When is a Scottish TV show not a Scottish TV show?
(When it’s actually English!)
TELEVISION shows are wrongly being branded as Scottish to meet broadcasting quotas, MSPs have been warned.
Industry representatives yesterday told Holyrood’s culture committee that productions are mislabelled as ‘out of London’ – and that companies are involved in ‘brass plating’.
The BBC was condemned by MSPs in December for labelling programmes – including the Women’s FA Cup final between Arsenal and Chelsea – as ‘Scottish productions’.
And the culture committee yesterday heard evidence that a more robust assessment system was needed.
David Smith, national representative for Scotland of trade association Pact, said Ofcom should be more proactive in auditing details about Scottish productions.
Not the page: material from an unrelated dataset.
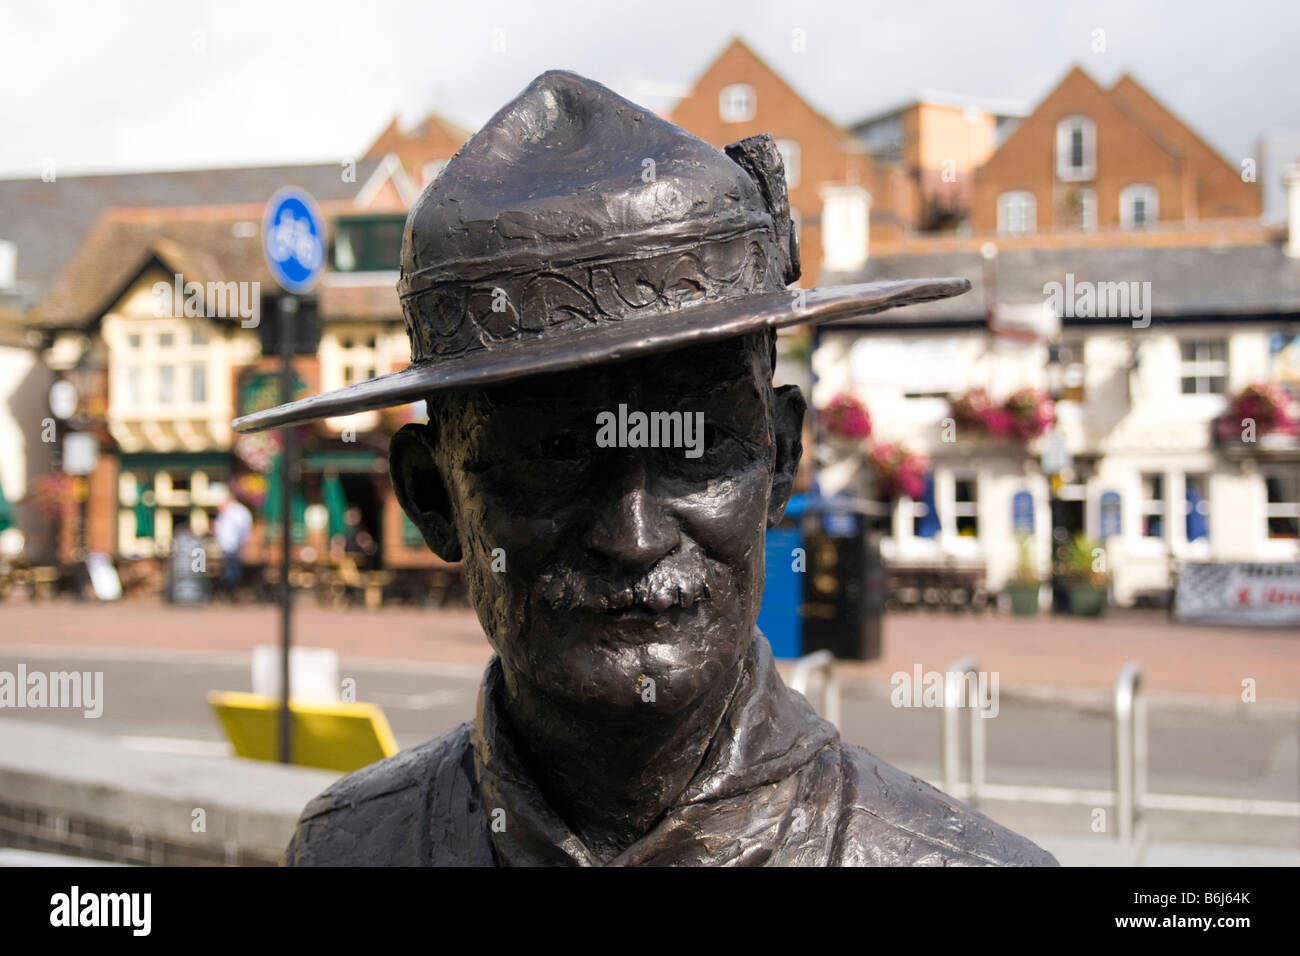 File:Perambur-Heritage-Walk-Lord-Baden-Powell-Statue-Founder

He said: ‘An element of spotchecking, a bit more detail required on that form, an undertaking by the production company and the broadcaster that it is legal, decent, honest and true, that this is authentic, that they have met the spirit as well as the letter of the rules, and then Ofcom’s ability to check on that.
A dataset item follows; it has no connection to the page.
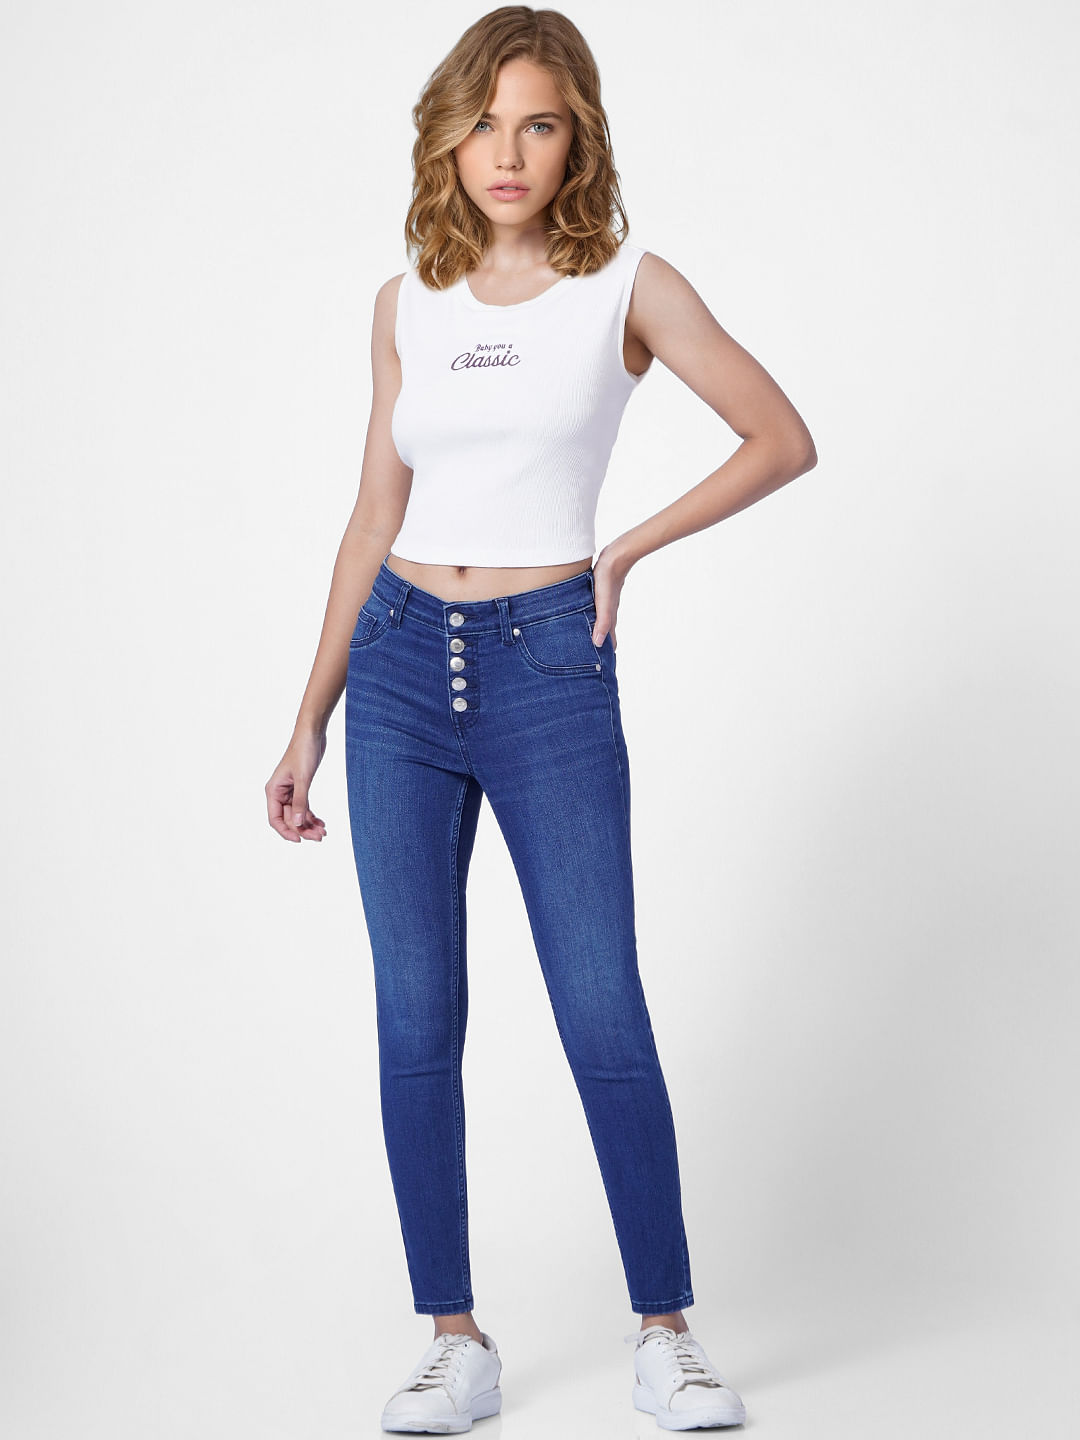 Medium  Large Women High Waisted Denim Jeans

‘Ofcom is not a proactive system, it is a reactive system. If you raise a complaint Ofcom investigates. Maybe that has to change.’
At a previous committee meeting, convener Joan McAlpine criticised the BBC’s Scots-classed Rillington Place as ‘nothing to do with Scotland’, despite using Glasgow, Paisley and Bo’ness as backdrops. To be deemed Scottish, a production must meet criteria on spending and jobs north of the Border, and whether show executives are based here.
Miss McAlpine said: ‘You could be making a programme which is badged as a Scottish programme which has nothing at all to do with Scotland. It’s not just the BBC.
‘The Ofcom list of Scottish productions, it includes a Channel 4 production of Alan Titchmarsh following the footsteps of AA Milne around Harrods’ toy department in Surrey.’
At yesterday’s meeting, Nationalist MSP Stuart McMillan raised concerns about brass plating. The term usually refers to a firm whose only tangible existence where it is supposedly based is the name plate outside its office.
Mr McMillan said: ‘If there is a process that’s taking place of this kind of brass plating, or just trying to find an address, that’s not good enough.’
Bruce Malcolm, head of service development at BBC Scotland, said broadcasters relied on evidence from production firms.
He said: ‘If these are not being filled in correctly or dishonestly, then that’s another issue entirely that we would take very seriously.
‘If there’s dishonesty on behalf of production companies, that’s a different matter.’